In "The Emperor of Scent" (Random House), author Chandler Burr merges Turin’s worlds, telling the story of the scientist with the extraordinary sense of smell and his radical theory with the racing breathlessness of a whodunit.
"He has the most other-worldly sense of smell," says Burr, who met Turin as the two waited for the Eurostar on a platform at the Gare de Nord in 1998. "He has smells in his head like Matisse had color."
He also has an amazing ability to turn those smells into language. For Turin, tuberose is a "black rubber flower." Tommy Hilfiger’s scent, Tommy, is Prokofiev’s "First Symphony," and the milky tang of Gucci’s Rush, which he loves, is "like an infant’s breath mixed with his mother’s hairspray."

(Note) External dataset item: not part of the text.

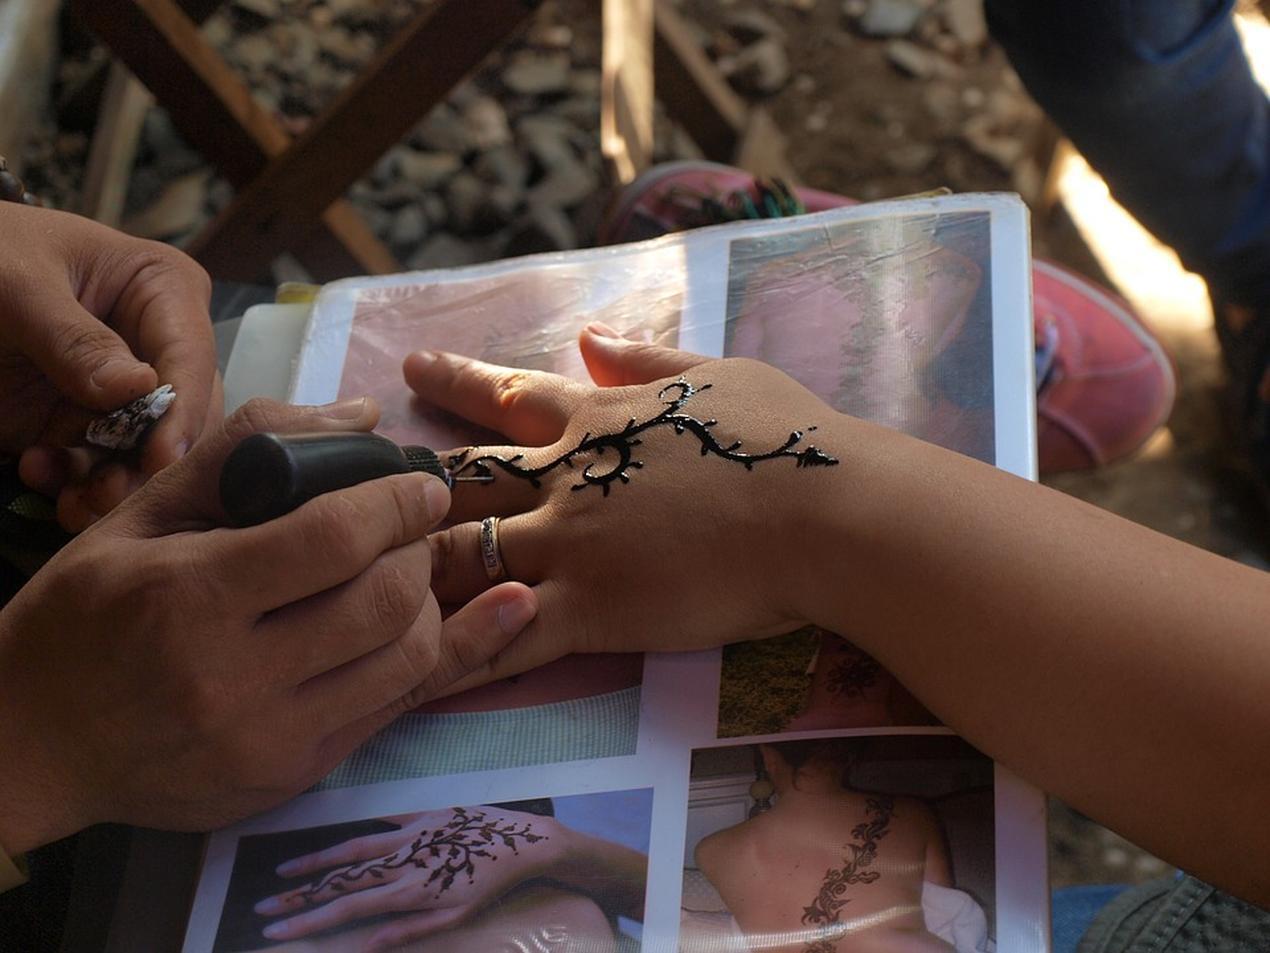 Modne Zmywalne Tatuaże Mogą Pozostawiać Blizny Puls

His sweet talk won over the perfume industry, but, as has been the case for most radical thinkers, in the scientific community, Turin had a hard time convincing skeptics — and in the scientific community, everyone’s a skeptic — that his ideas about smell can hold up. Turin’s controversial theory proposes that the nose recognizes molecules by the vibration of their molecular bonds — not, as is commonly thought, by their molecular shape. If Turin’s right, everything we think we know about smell will change, and Turin will probably land a Nobel Prize.

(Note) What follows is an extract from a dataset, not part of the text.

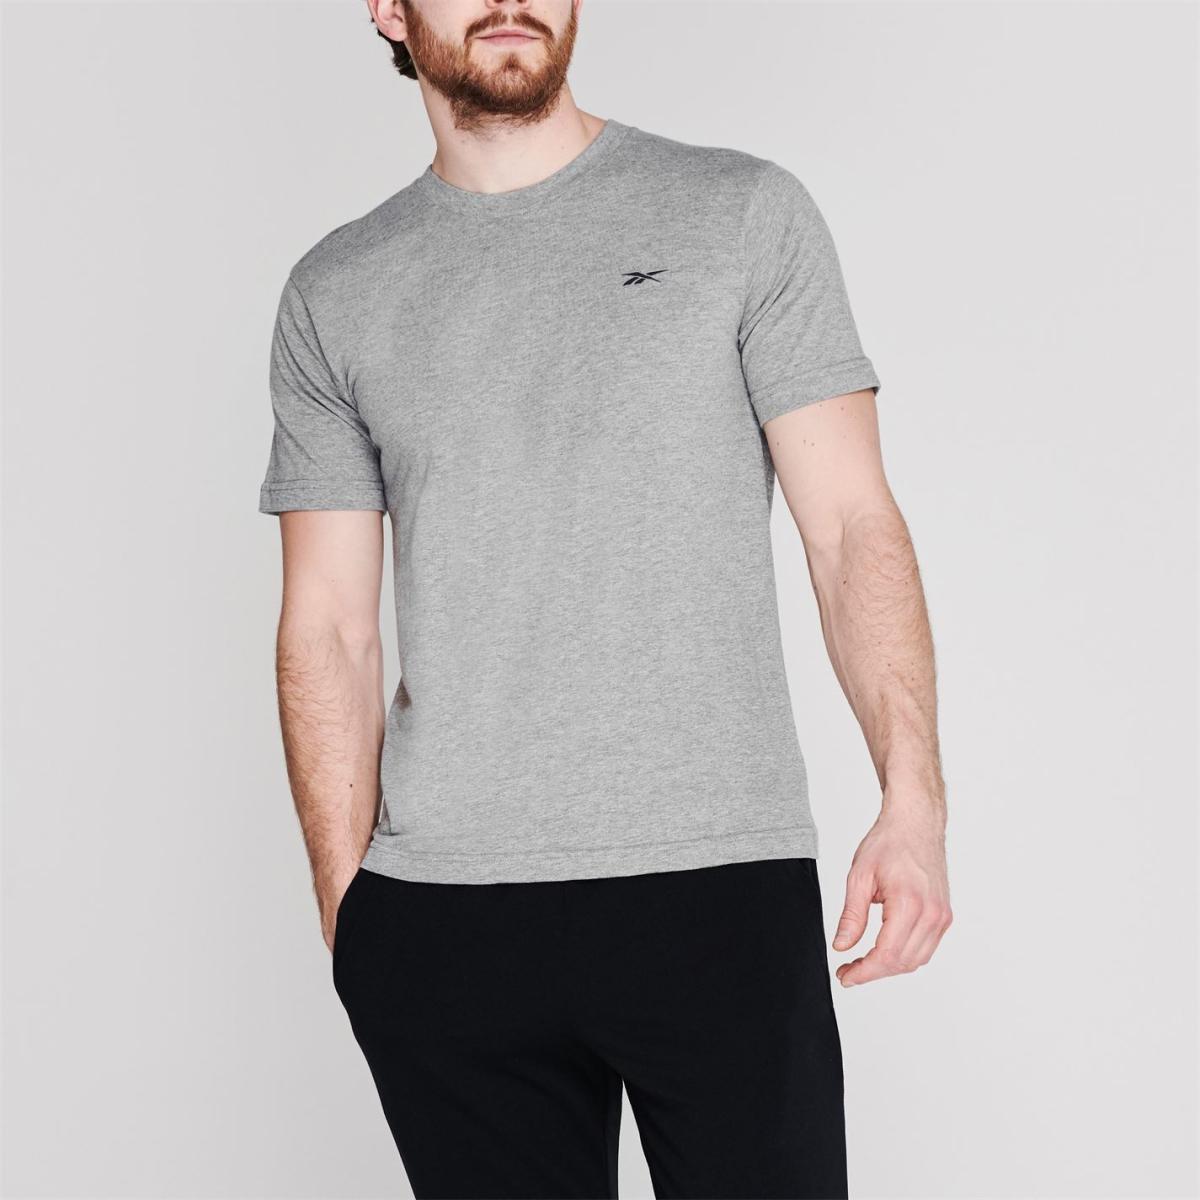 Reebok T-Shirt Herren TShirt T shirt Tee Kurzarm Rundhals Freizeit 2290

Chapter by chapter, the good doctor — a biophysicist by trade — argues his case. He serves up caraway and mint as evidence. He wafts samples of borane, a toxic, explosive rocket fuel, in his lab at the University College London. He cracks the mystery of Chanel No.5 and its aldehyde chains, that smell alternately of waxy candles and of mandarin orange. Over 20 years, he travels from the Côte d’Azur to North Carolina to Paris to Bombay to Lisbon, chasing down evidence to make his case.